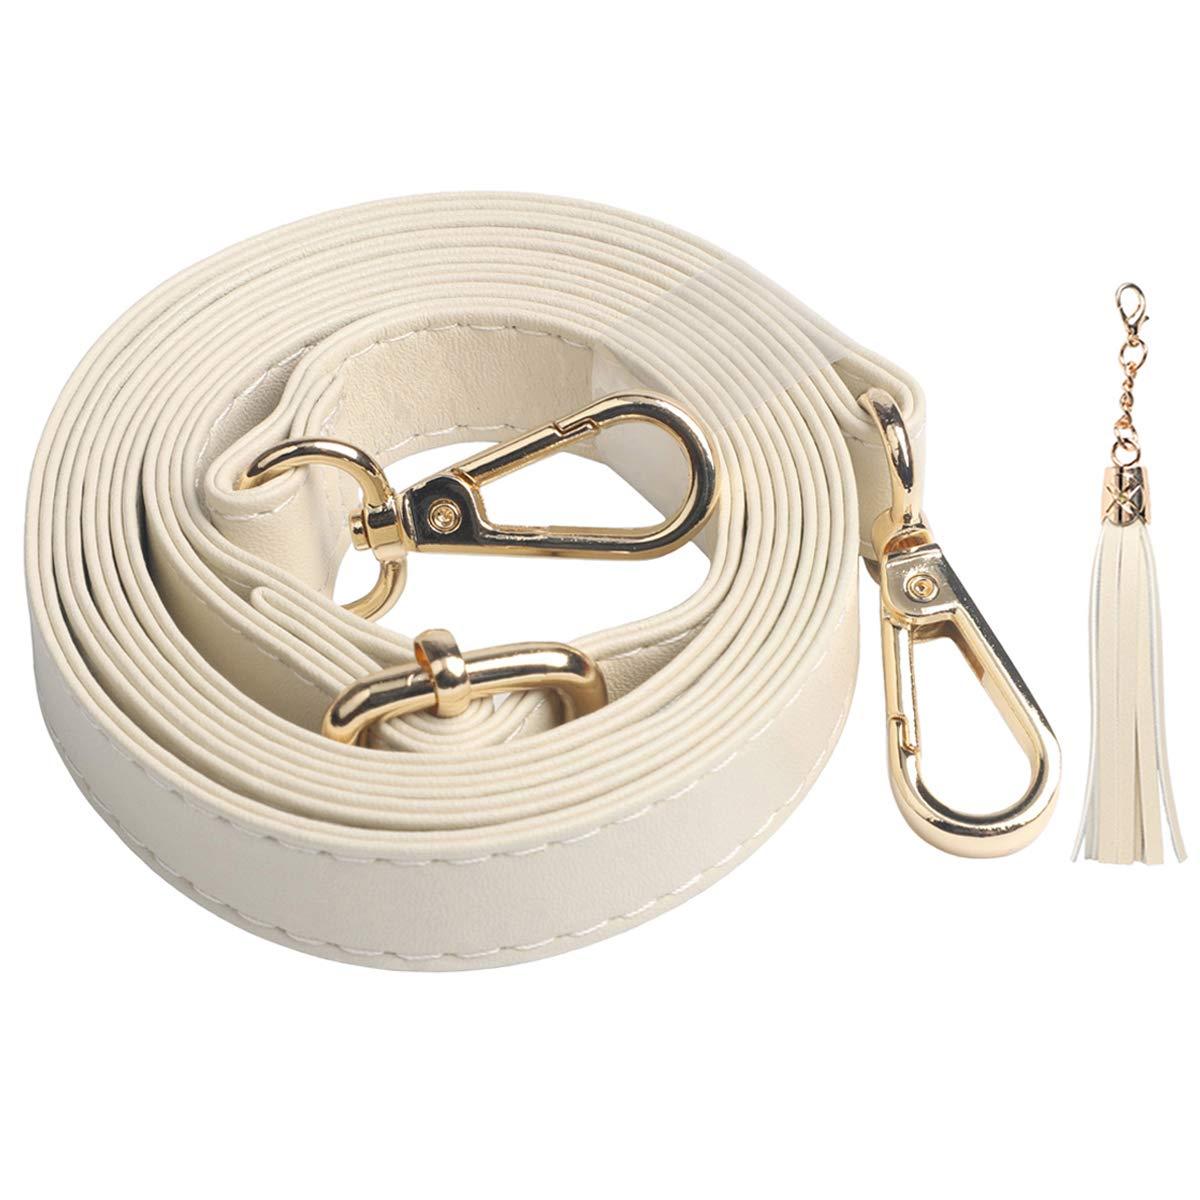 BEAULEGAN Crossbody Bag Strap Full Grain Adjustable 150cm Long 2cm Wide Replacement for Handbag//Purse Microfiber Leather Dark Brown//Gold
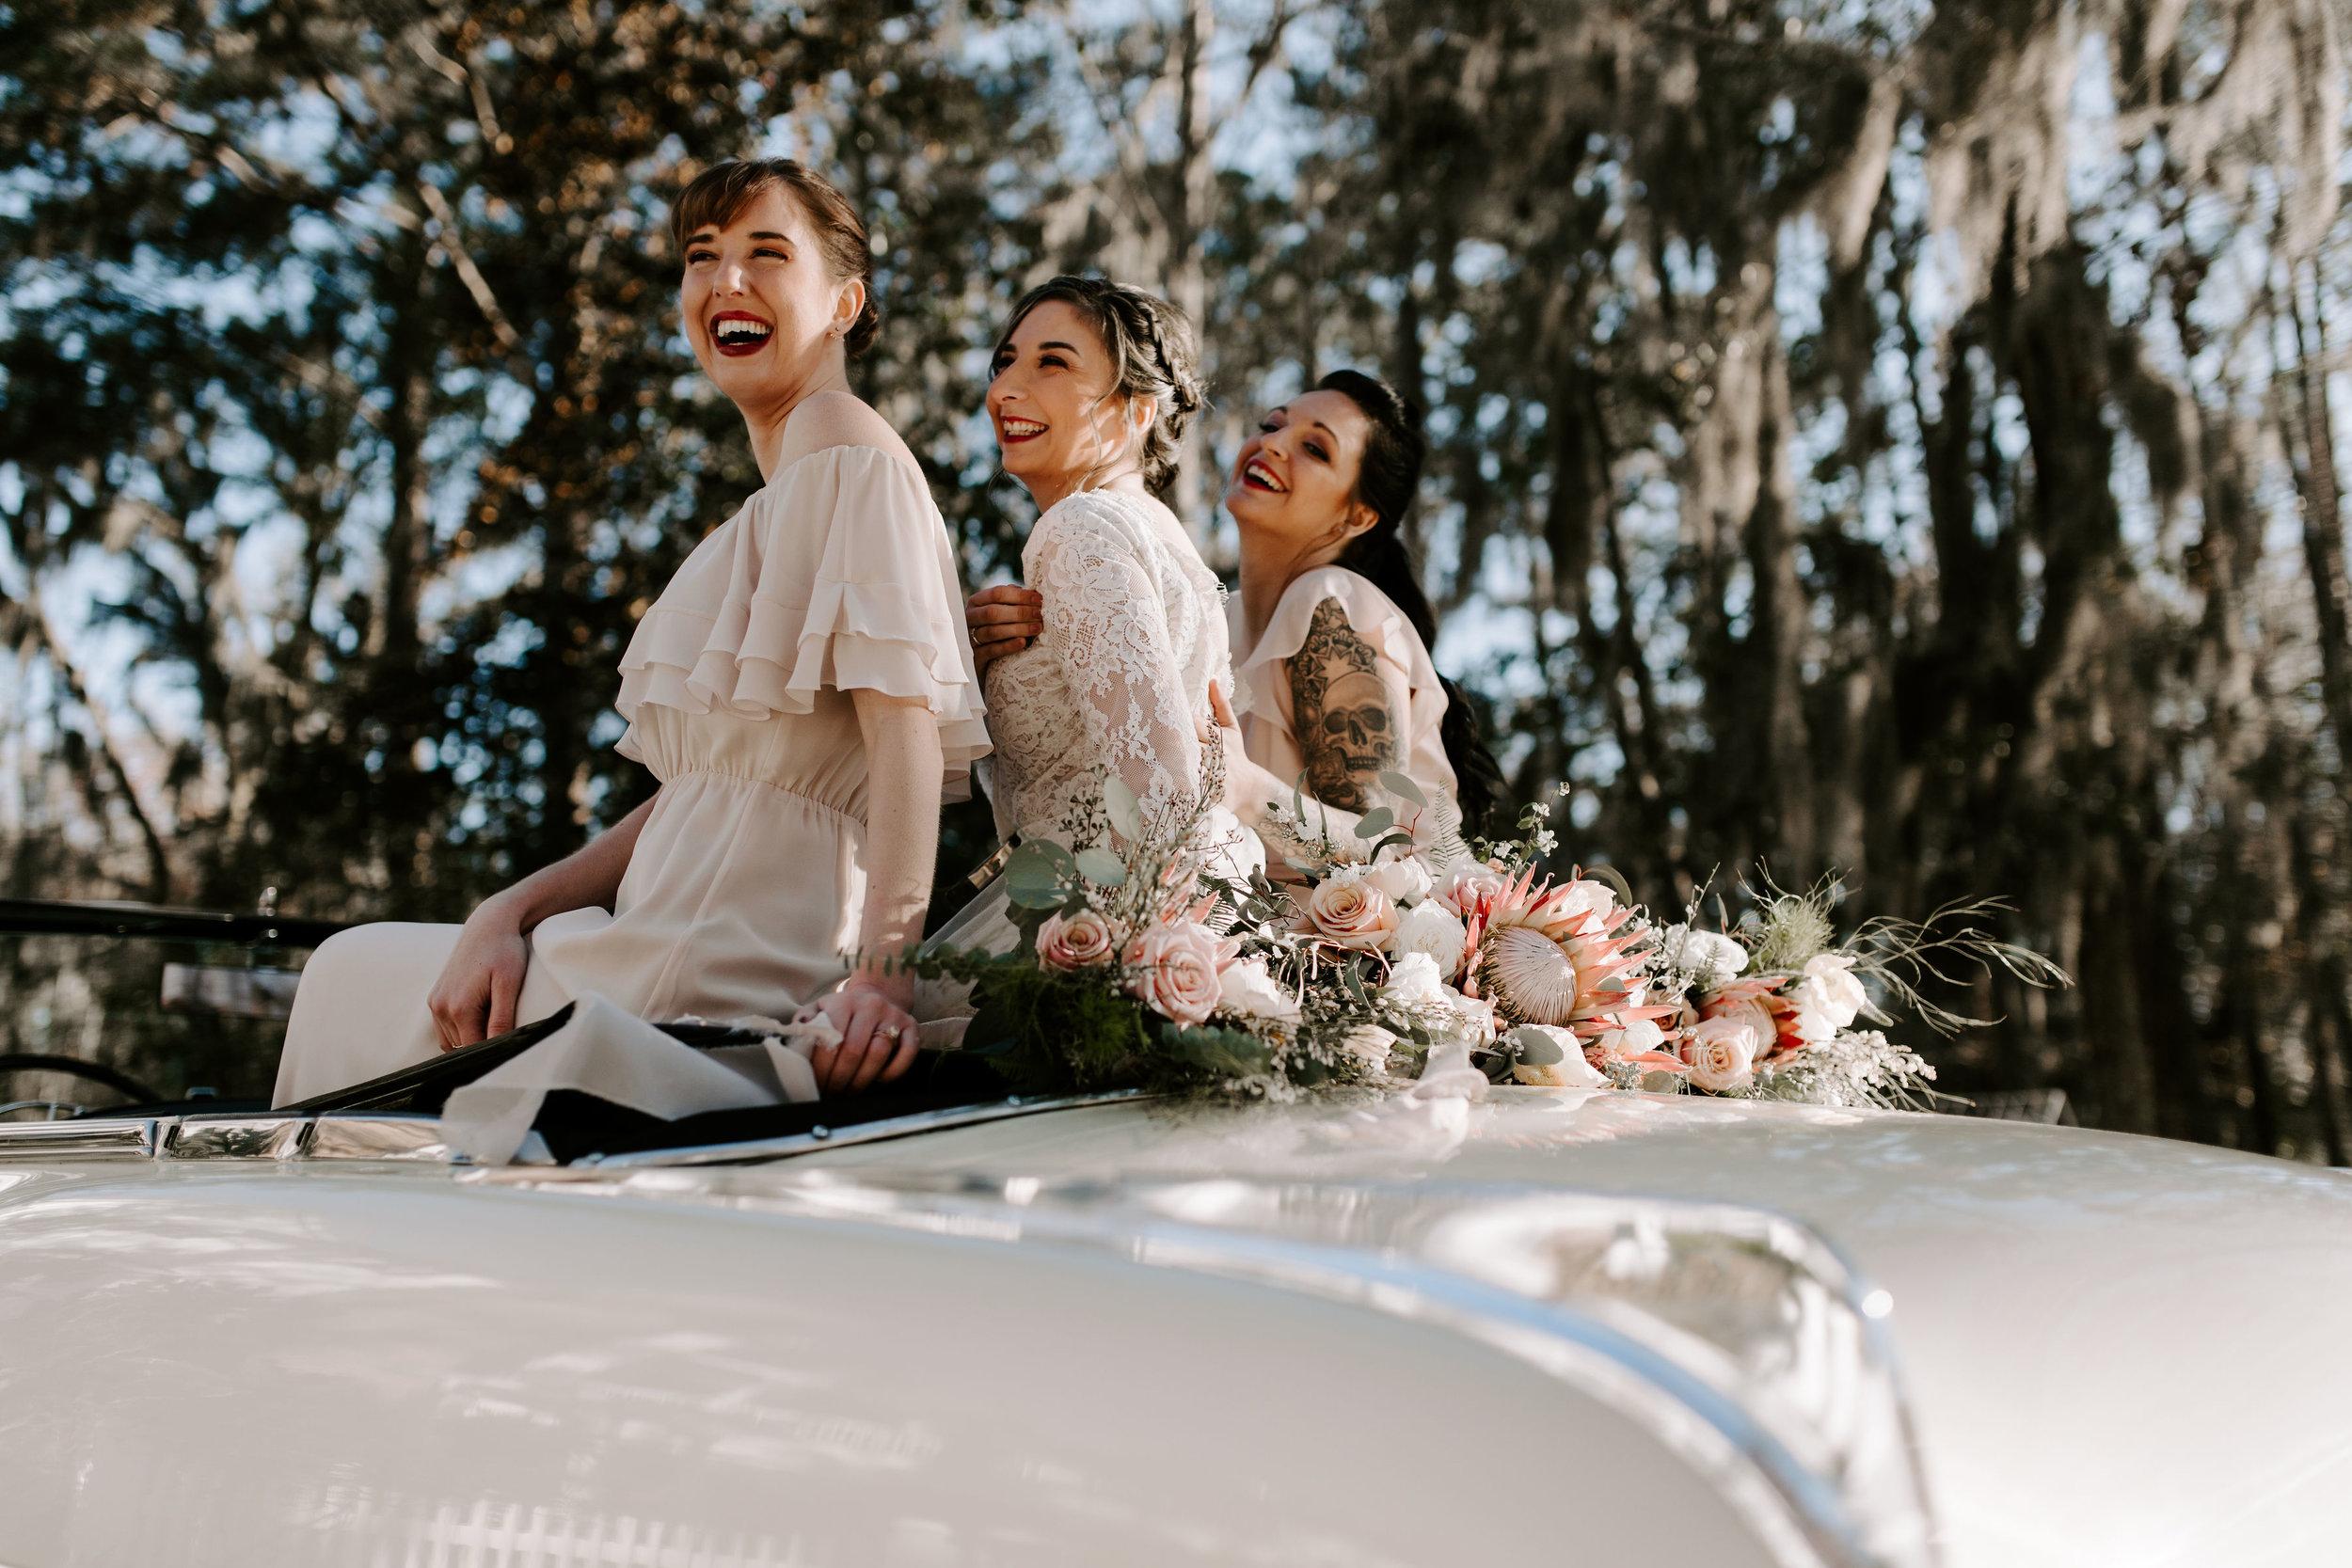 ivory-and-beau-blog-mackey-house-styled-shoot-savannah-wedding-bridal-boutique-savannah-florist-southern-wedding-_G5A2455.jpg
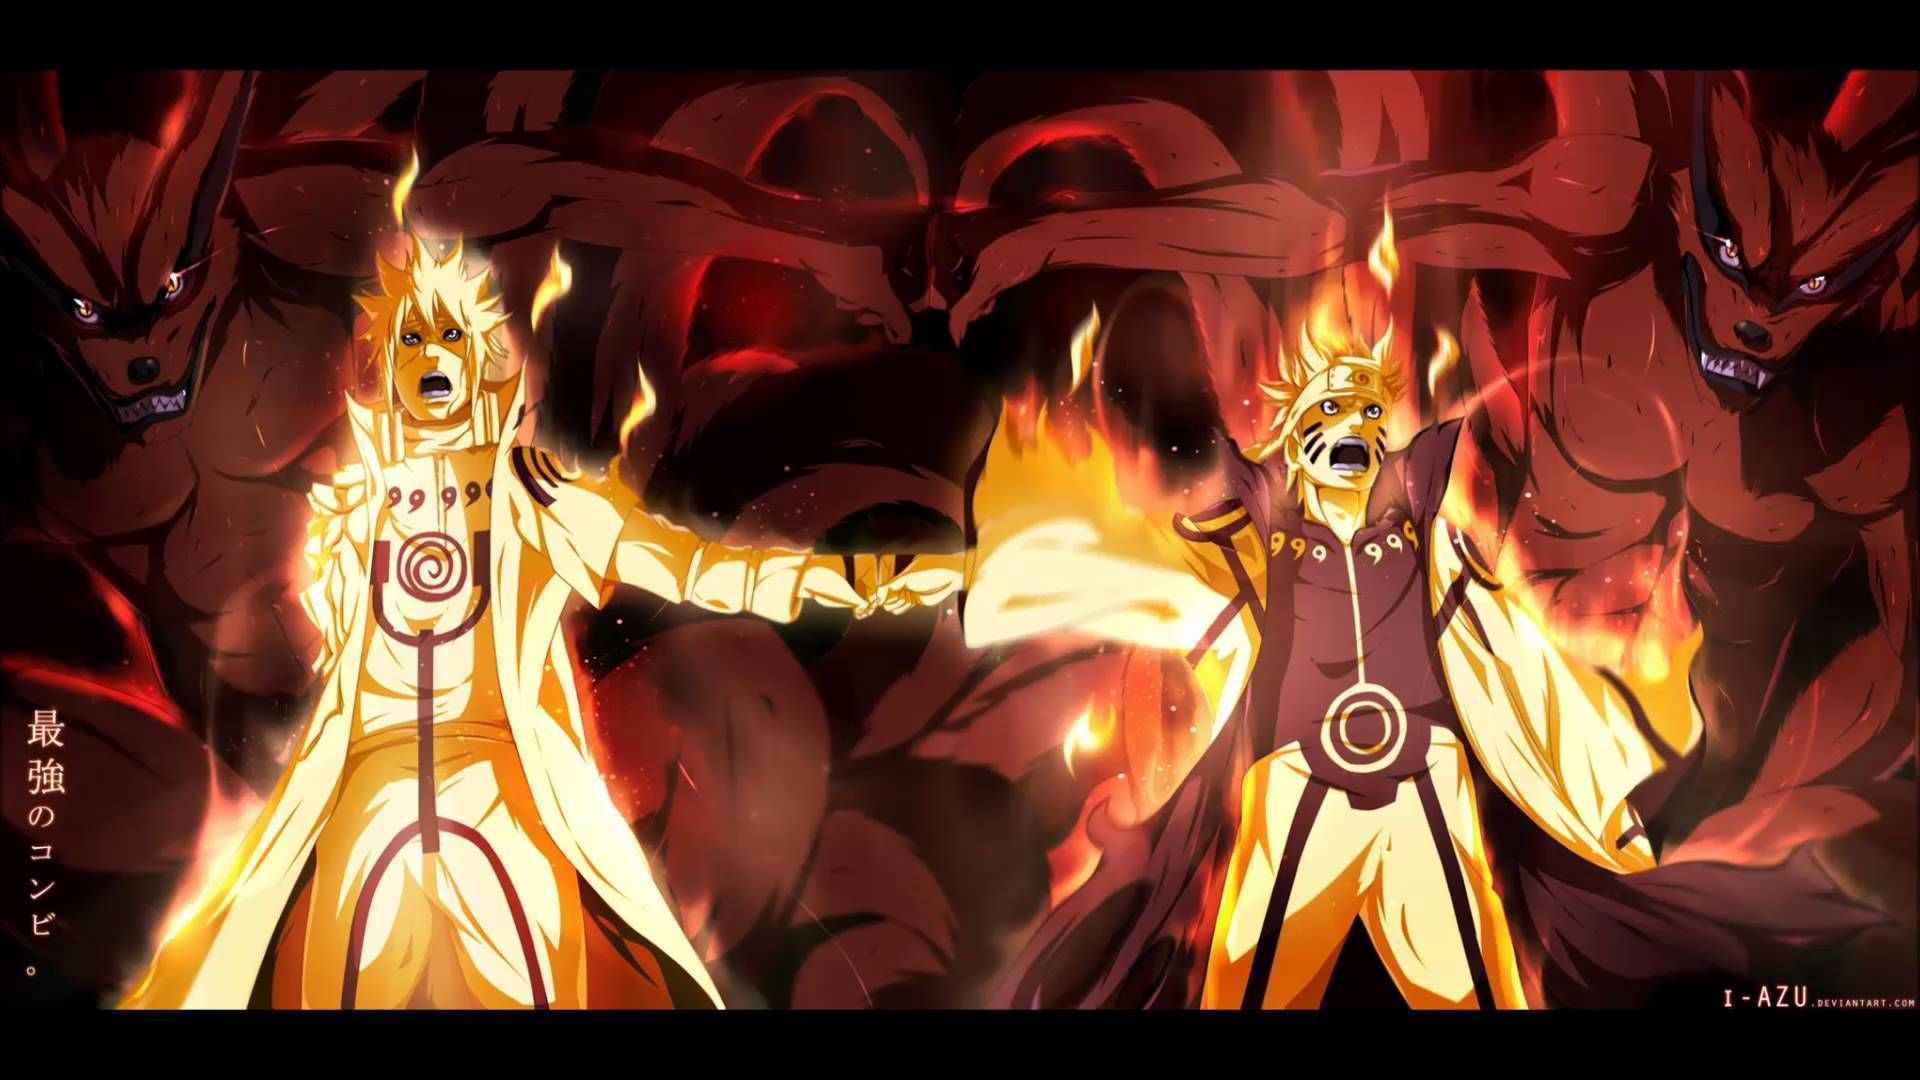 Download Wallpaper Naruto High Resolution - f0dd5b4e60d355cb8bb1fcb80a99291d  Trends_51911.jpg

*Task description*:
Return each of the lines exactly as they appear above, with no images.

*Expected answer*:
 BEAULEGAN Crossbody Bag Strap Full Grain Adjustable 150cm Long 2cm Wide Replacement for Handbag//Purse Microfiber Leather Dark Brown//Gold
 ivory-and-beau-blog-mackey-house-styled-shoot-savannah-wedding-bridal-boutique-savannah-florist-southern-wedding-_G5A2455.jpg
 Download Wallpaper Naruto High Resolution - f0dd5b4e60d355cb8bb1fcb80a99291d  Trends_51911.jpg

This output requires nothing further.